Более миллиона россиян уехало после начала войны с Украиной — судя по последним новостям государство будет максимально пытаться не допустить и не учитывать голоса россиян за рубежом. Но сколько россиян внутри и вне страны если уж не “за Навального”, так хотя бы “против Путина и его войны с Украиной”? Хватит наверняка на население достаточно большой европейской страны. Пропагандисты постоянно пытаются нас убедить, что нас мало и мы “всякие меньшинства”, люмпены, контр-культурщики, отщепенцы, ренегаты, — а мы и ведёмся. Так сколько нас? Я уверен, что гораздо больше, чем мы боимся себе представить. Это, кстати, дало бы нам смелости немного.

Нам не дают “посчитаться” и не дают “высказать своё голос”? Вот, именно за это я бы и боролся сейчас на месте Навального и других политиков — digital identity для всех “несогласных”, которое дало бы возможность как посчитать нас всех, так и проголосовать (“выборы Путина” мы не выиграем — но хотя бы не промолчим и выскажем своё мнение в правовом русле!). Посмотрите на опыт “альтернативного паспорта” белорусов, созданный офисом Светланы Тихановской — а ещё лучше было бы присоединиться и россиянам к нему!

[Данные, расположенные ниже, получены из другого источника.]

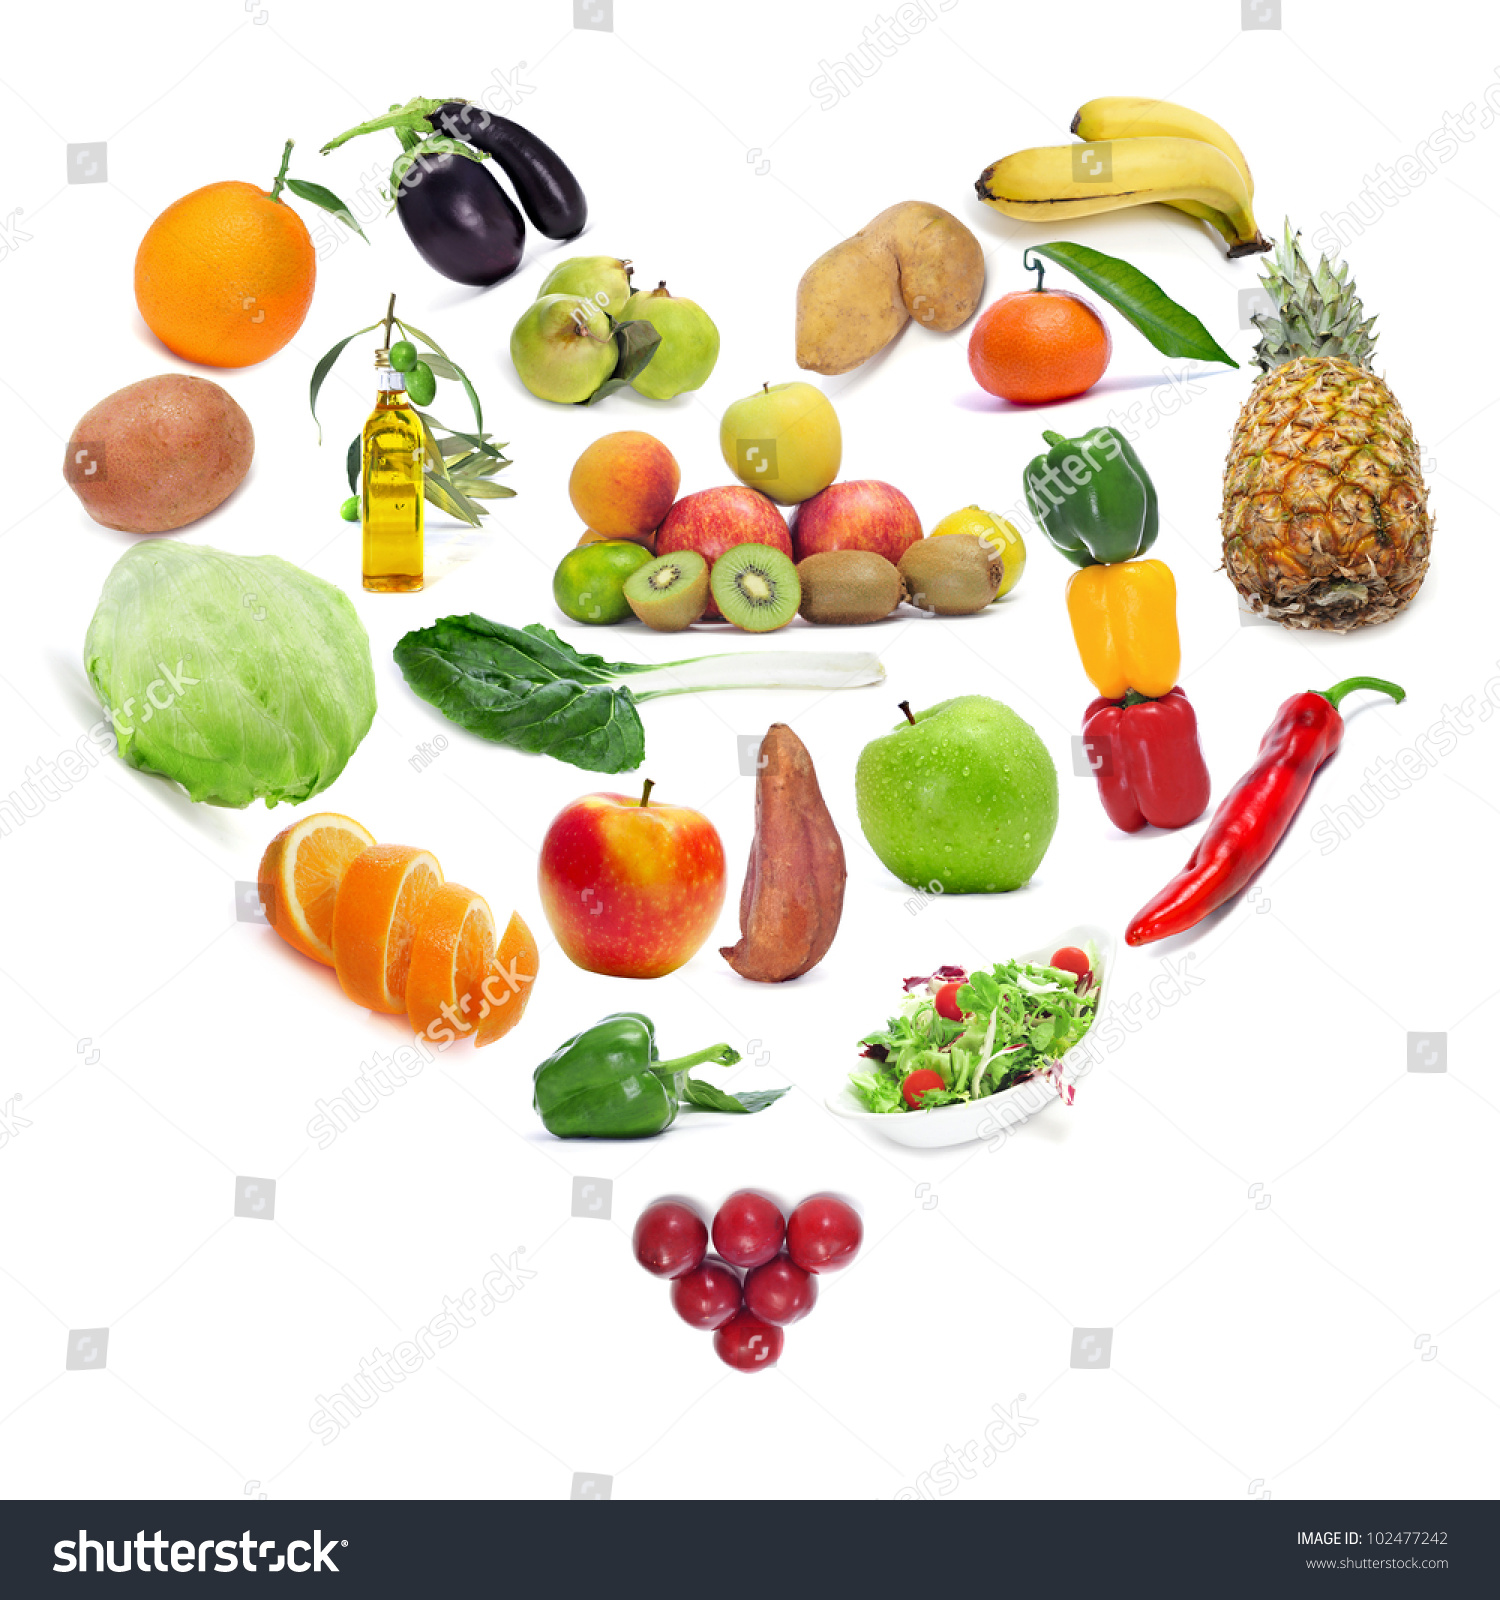 Love For The Healthy Food: Fruits And Vegetables Forming A Heart Stock ...

В недавнем простом и очень точном интервью Бориса Акунина-Чхартишвили Елизавете Осетинской он отметил очень релевантную для меня мысль: “Я действительно от наших оппозиционных политиков, находящихся в эмиграции, уже ничего не жду. Я вижу, что основная их энергия уходит на выяснение того, кто из них главнее. Мне неинтересно, кто из них главнее, потому что я поддерживаю не политиков, я поддерживаю набор идей и ценностей. Если они не могут объединить людей вокруг ценностей, которые мы все более-менее разделяем, значит, это не те политики.”

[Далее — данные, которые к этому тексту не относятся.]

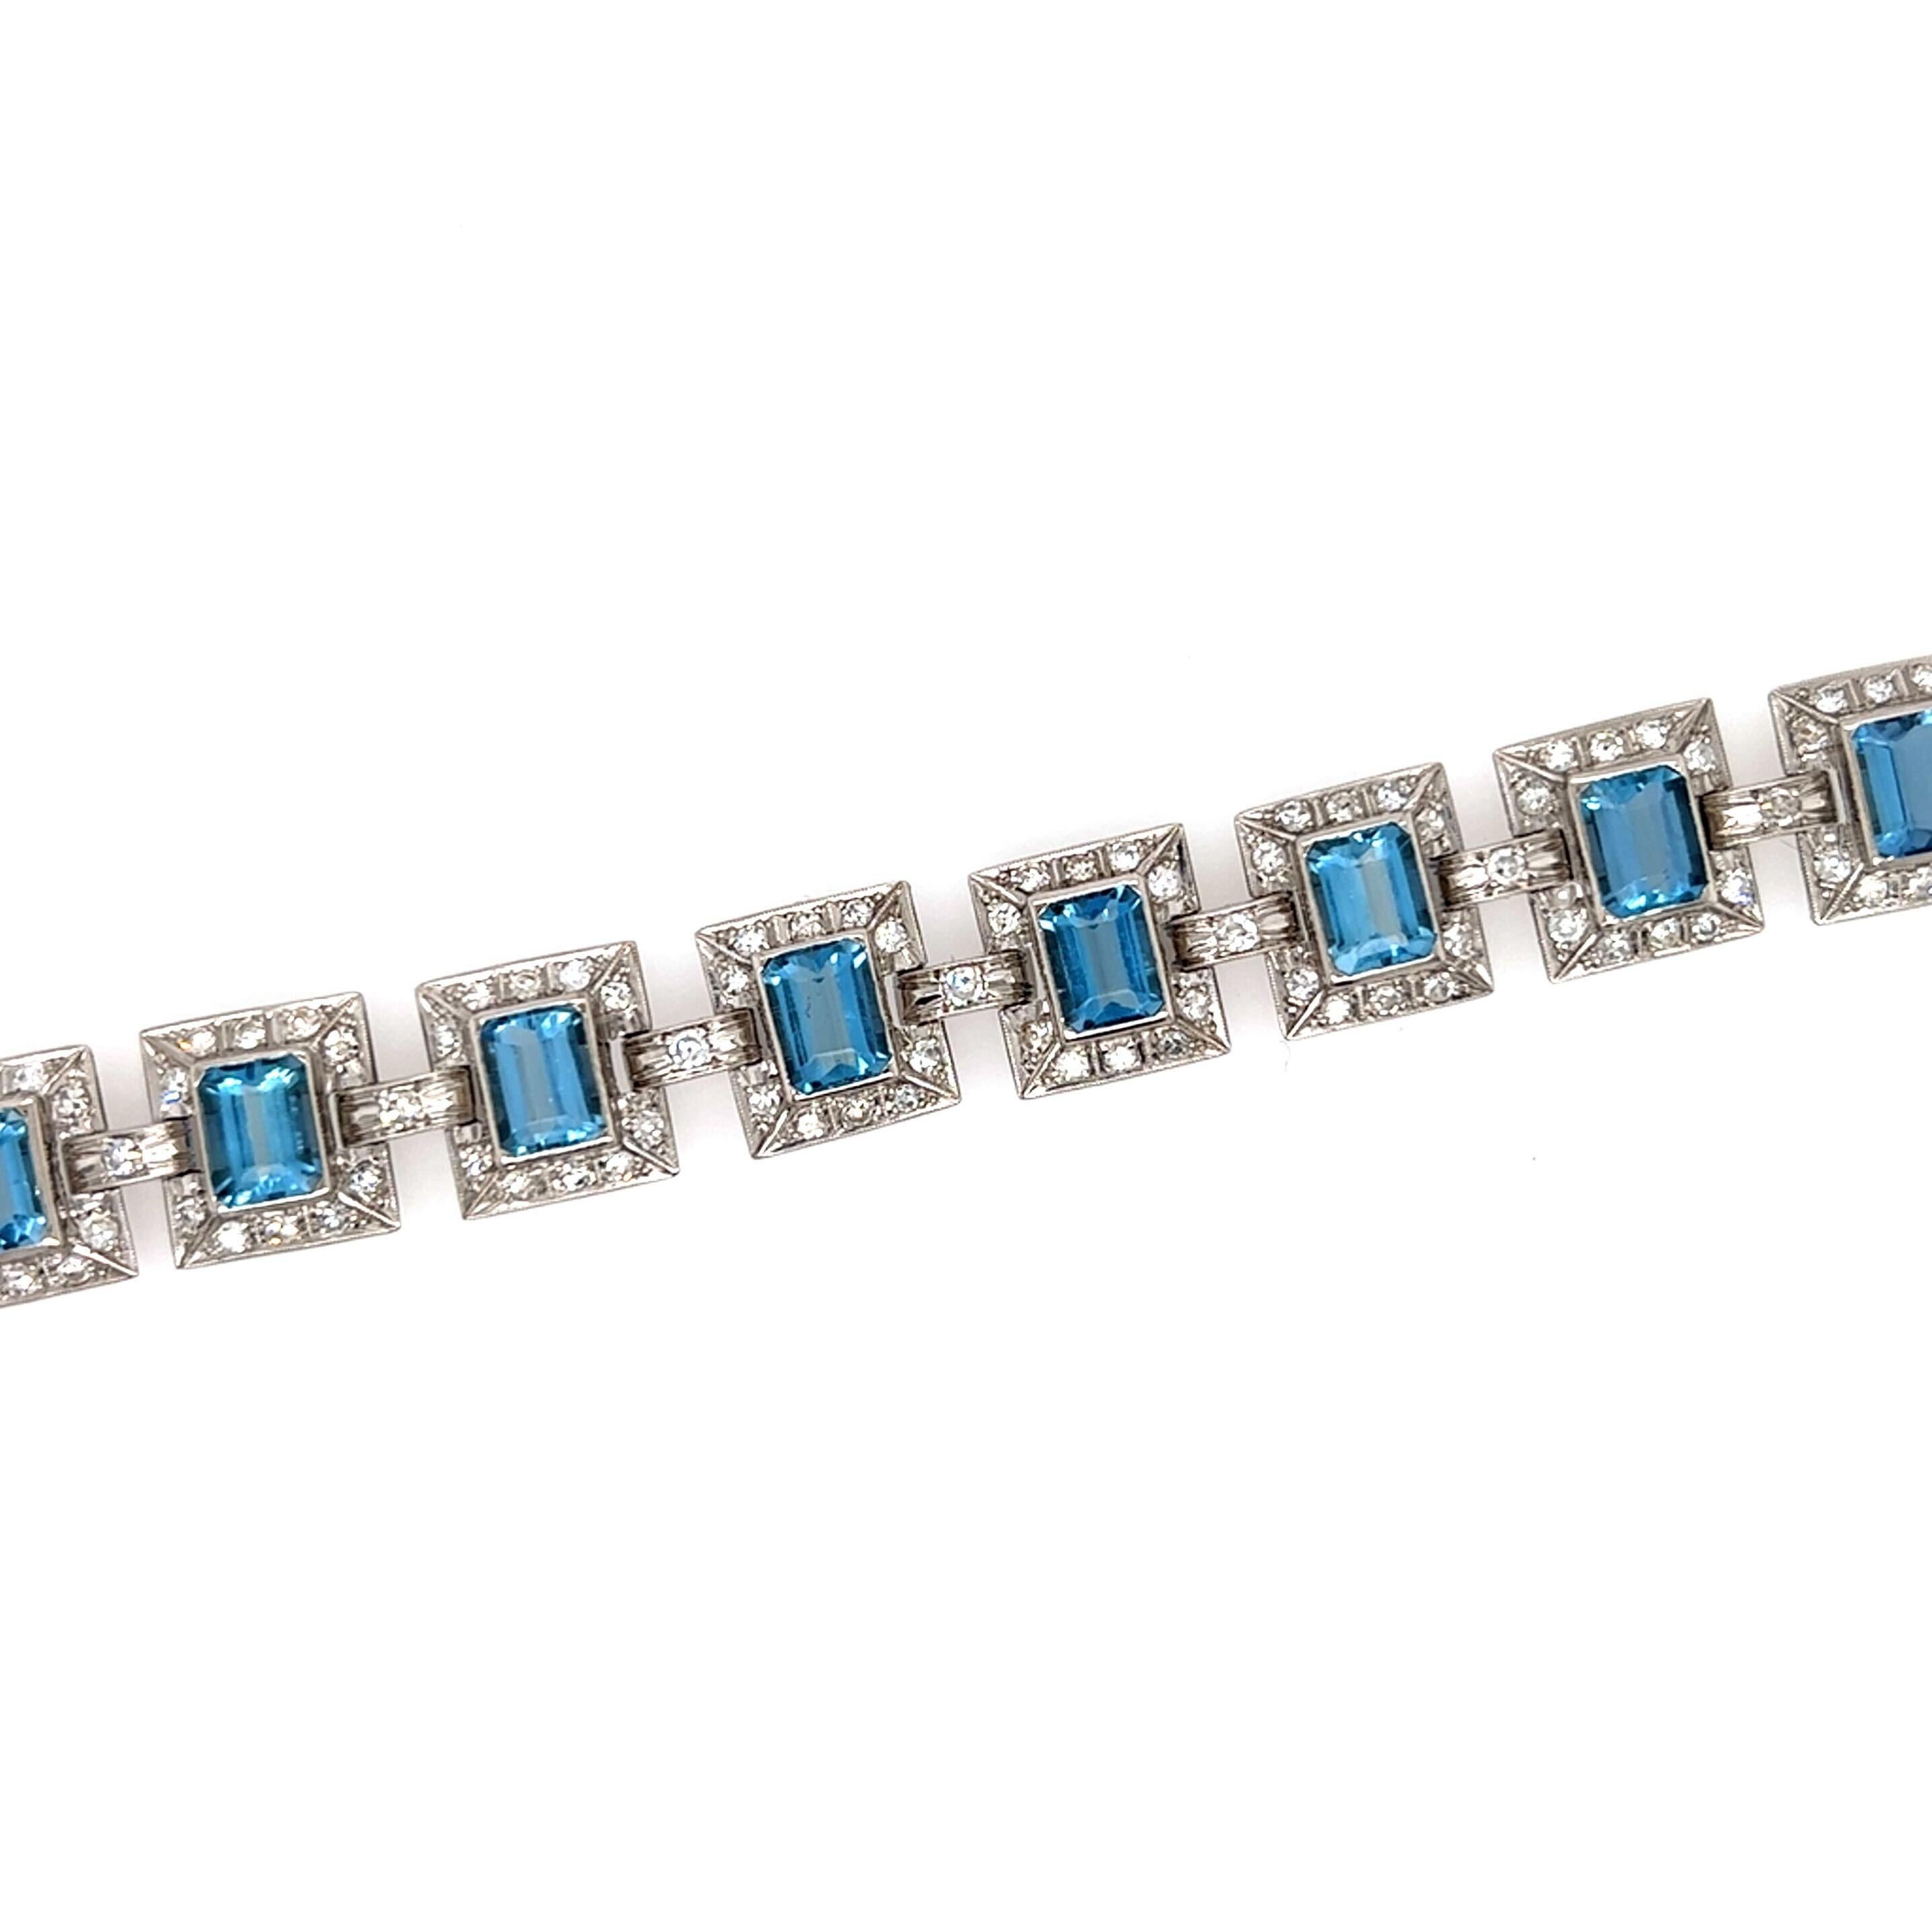 A platinum, aquamarine and diamond bracelet.  The bracelet formed of eleven (11) faceted rectangular aquamarines measuring approximately 6.87 x 5.27 mm. each within a frame of ten (10) brilliant cut diamonds and connected by links set with one (1)

В этом контексте, на недавней встрече в Лондоне с Екатериной Шульман по ходу дискуссии я всё время хотел спросить: “это всё-таки Путин такой сильный, или мы сами такие слабые?” (что не можем даже объединиться?) Условное “зло” всегда есть — но насколько оно чувствует себя свободно и не боится возмездия зависит всё-таки от “толпы вокруг гопоты в автобусе”. Толпа всегда, если объединится, то очень очень долго имеет все шансы и силы осадить хулиганов.

Более миллиона россиян уехало после начала войны с Украиной. Сколько ещё сторонников у Навального есть внутри и за пределами страны? Давайте уже не будем ждать светлого будущего — нас достаточно, чтобы для нас начать его делать. И проблема объединиться — не в Путине, а в нас самих, и он этим пользуется.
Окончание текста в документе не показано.